Nuclear quadrupole resonance (NQR) on copper nuclei has been applied for studies of the electronic properties of quasi-two-dimensional (2D) low-temperature superconductor CuS (covellite) in the temperature range of 1.47--290 K. Two NQR signals corresponding to two structural nonequivalent sites of copper, Cu(1) and Cu(2), have been found. The temperature dependences of copper quadrupole frequencies, linewidths, and spin-lattice relaxation rates altogether demonstrate the structural phase transition near 55 K, which is accompanied by transformations of the electronic spectrum not typical for simple metals.

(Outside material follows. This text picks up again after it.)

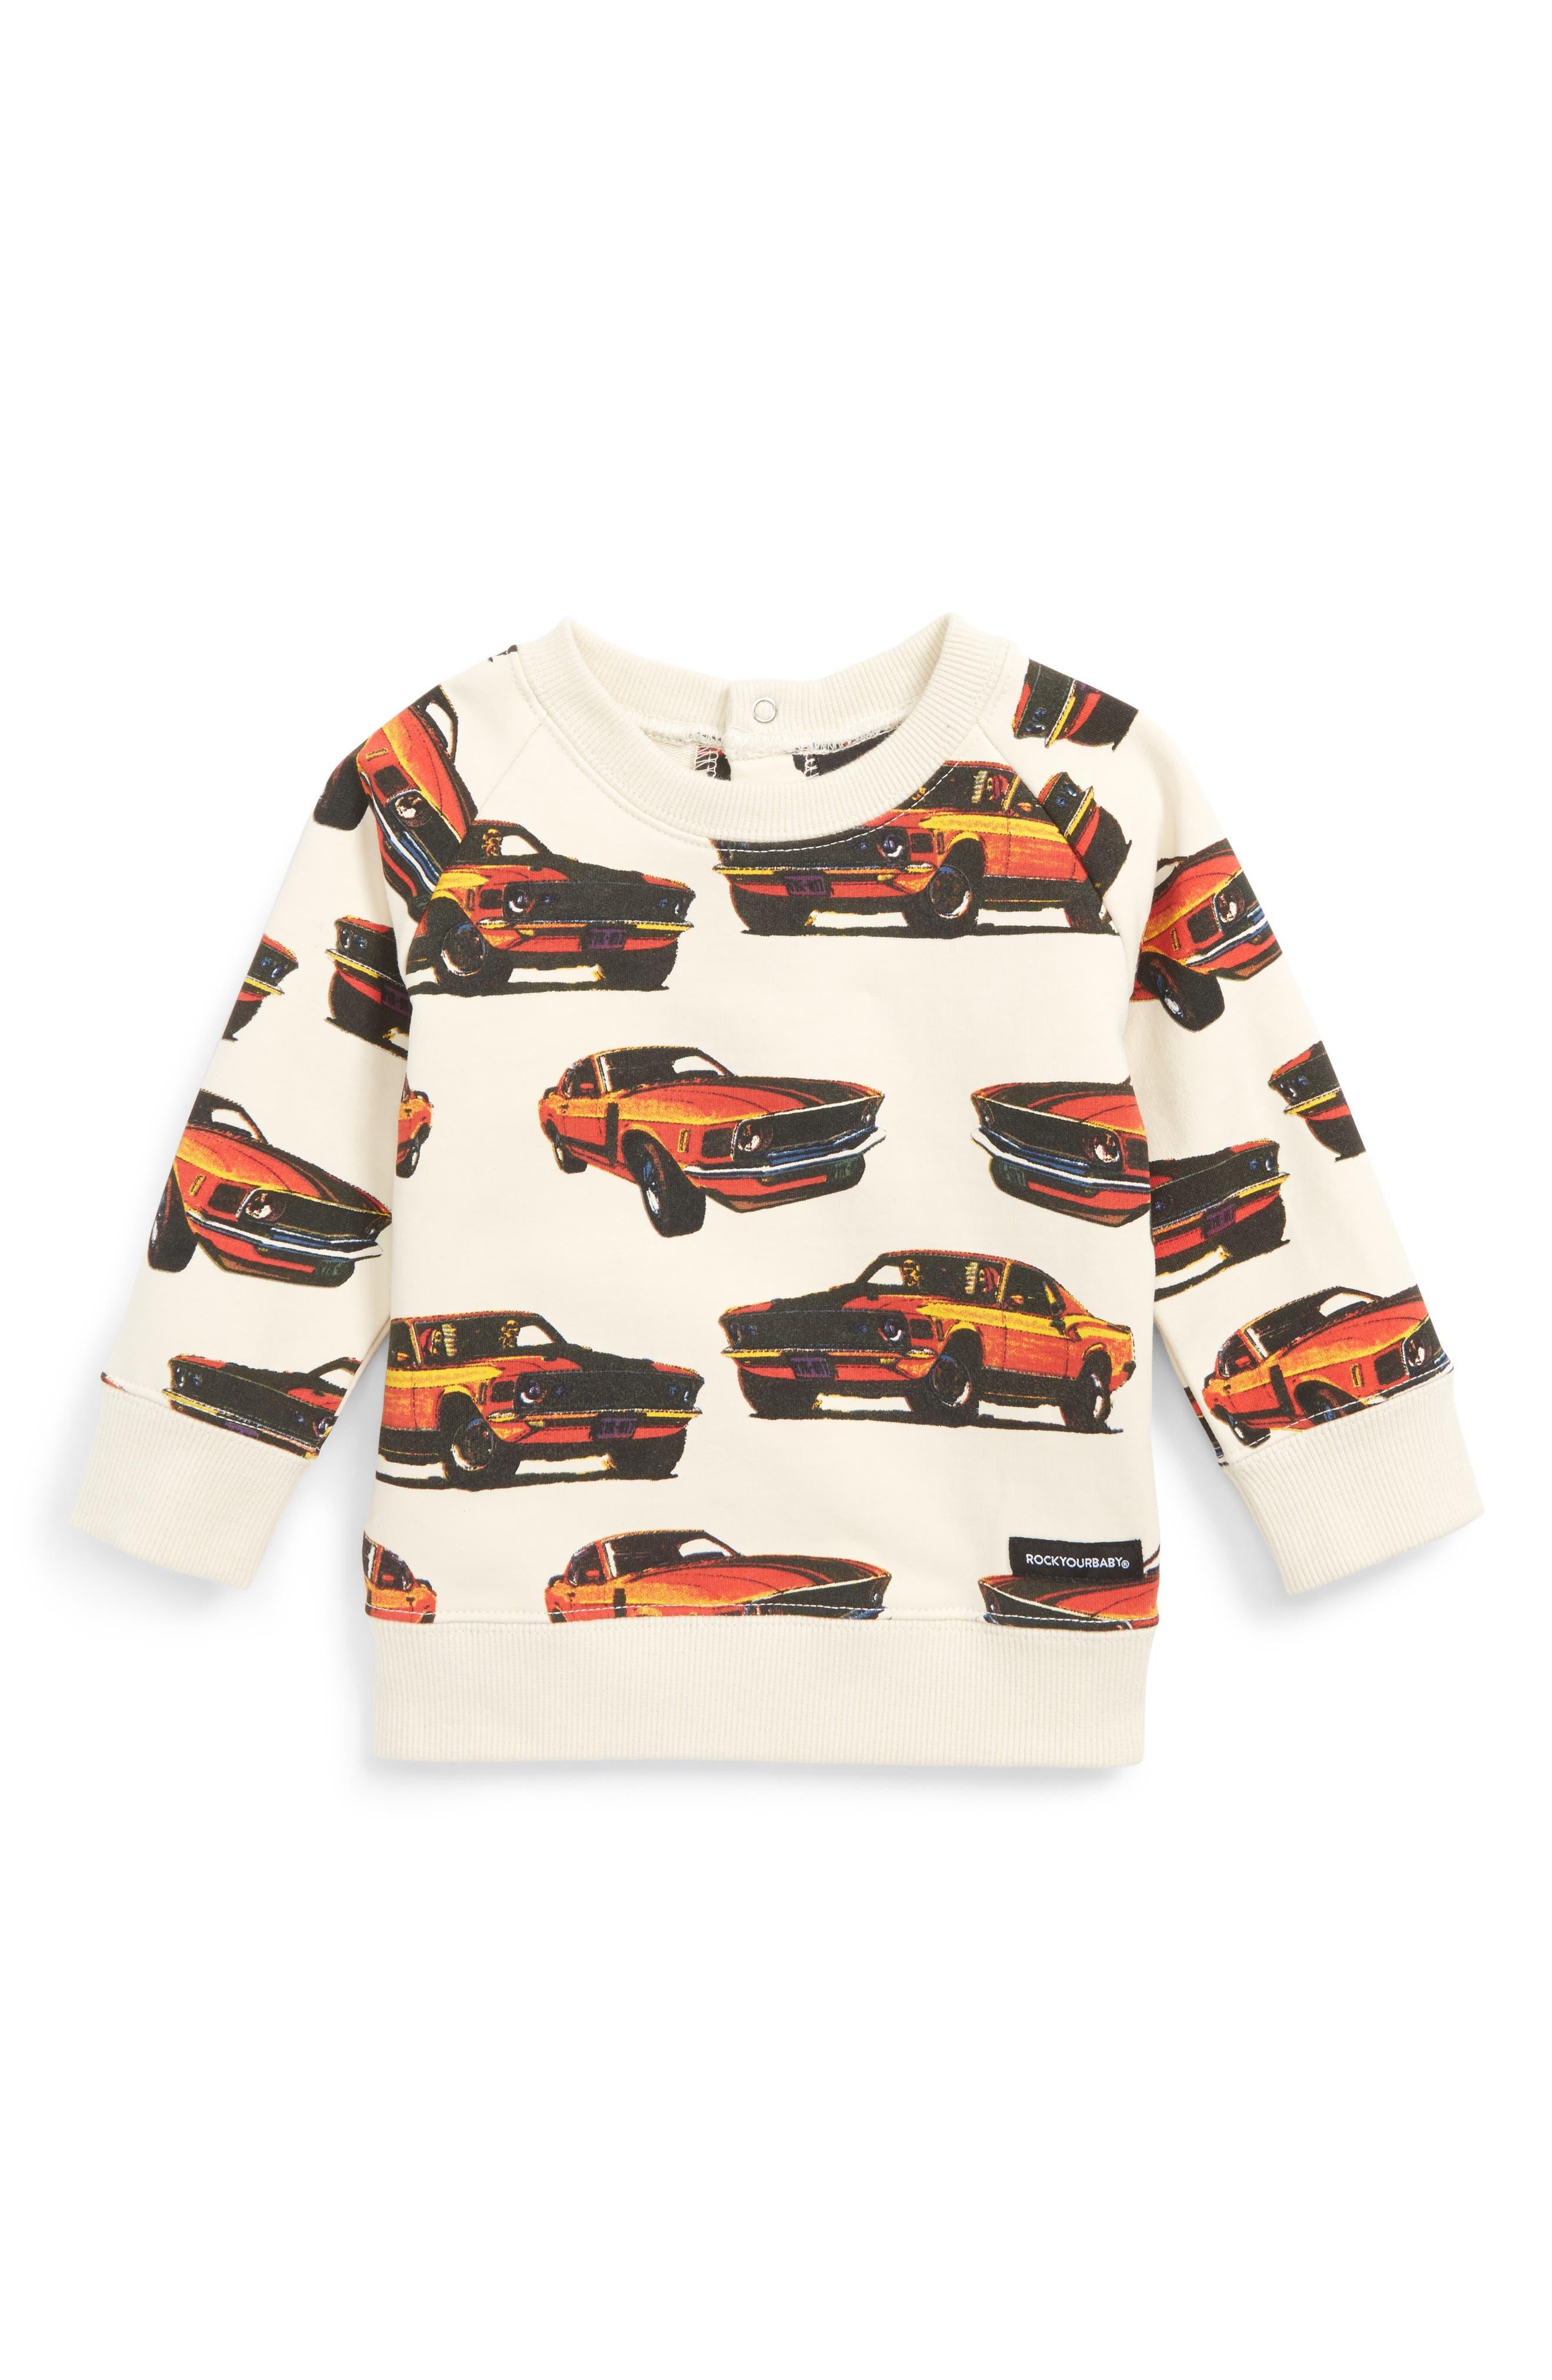 Eat My Dust Sweatshirt,                         Main,                         color, 900
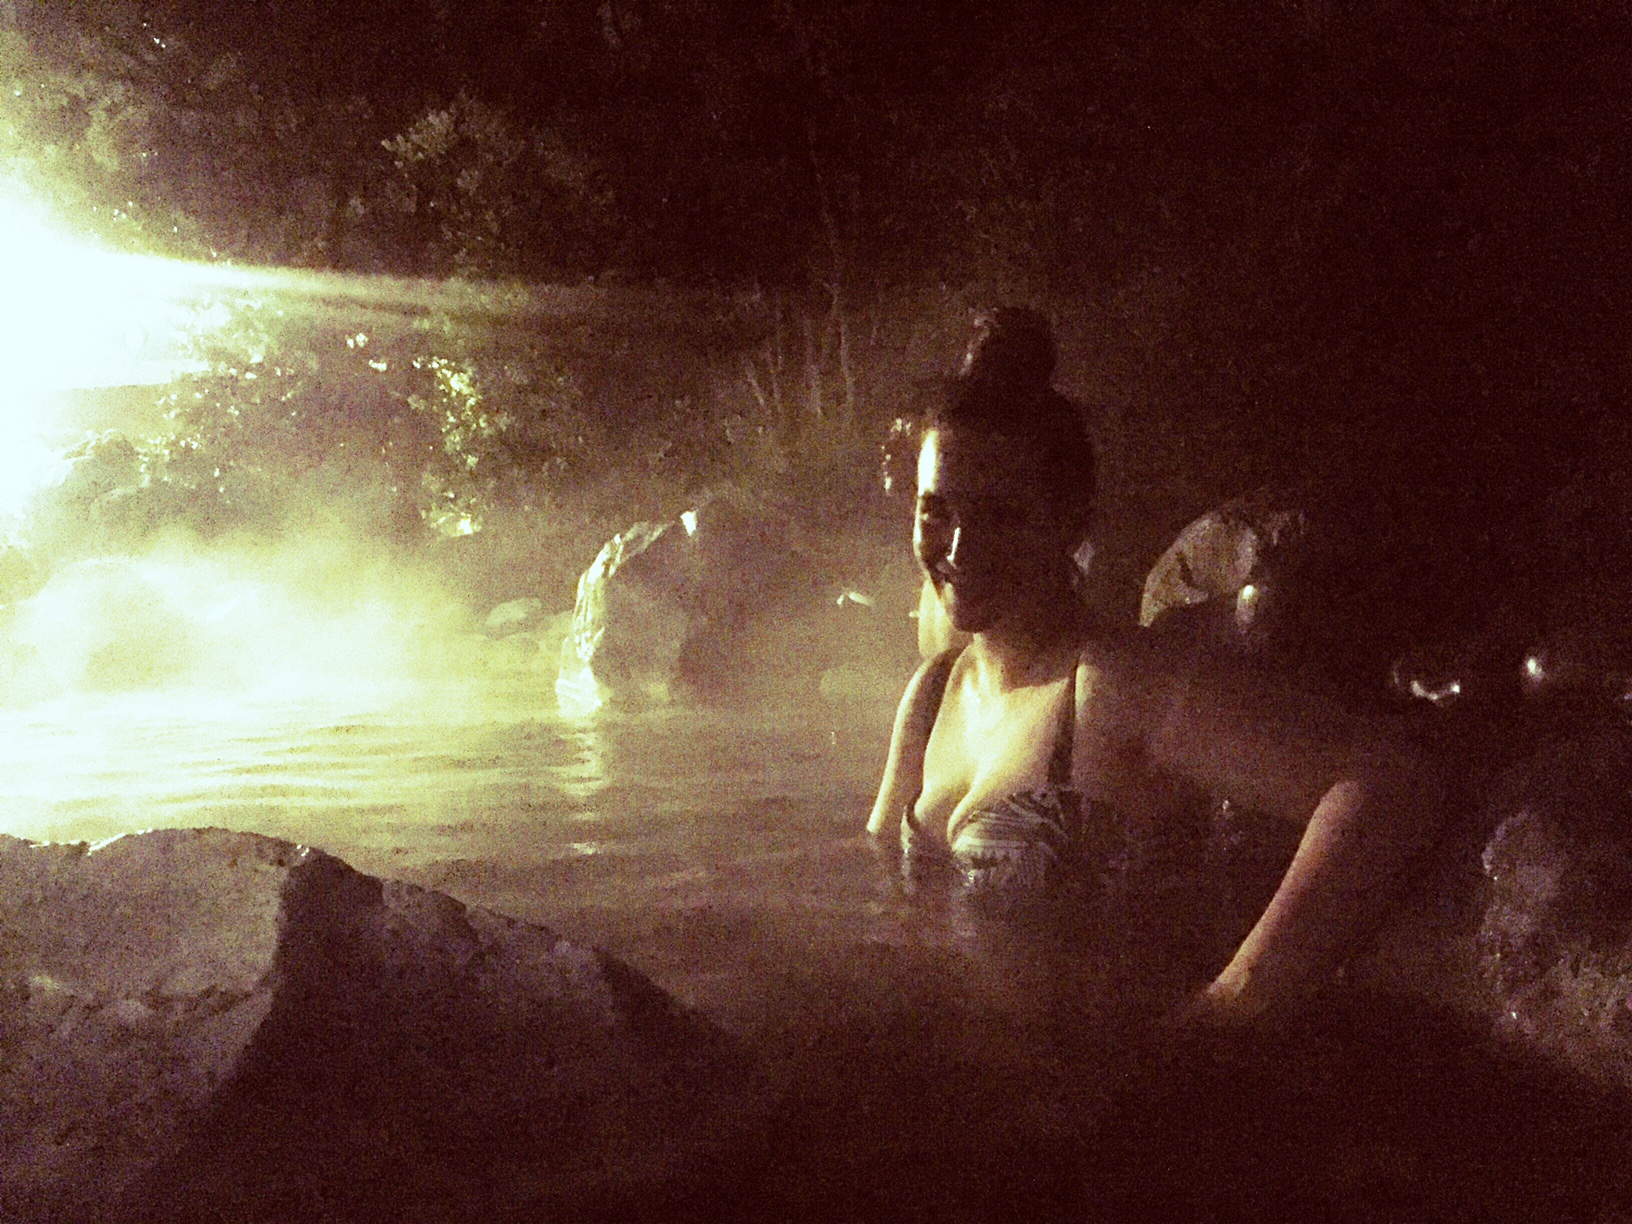 soaking in the moonlight

The analysis of NQR results and their comparison with literature data show that the valence of copper ions at both sites is intermediate between monovalent and divalent states with the dominance of the former. It has been found that there is a strong hybridization of the Cu(1) and Cu(2) conduction bands at low temperatures, indicating that the charge delocalization between these ions takes place even in 2D regime. On the basis of our data, the occurrence of an energy gap, charge fluctuations, and charge-density waves, as well as the nature of the phase transition in CuS, are discussed. It is concluded that some physical properties of CuS are similar to those of high-temperature superconductors in the normal state.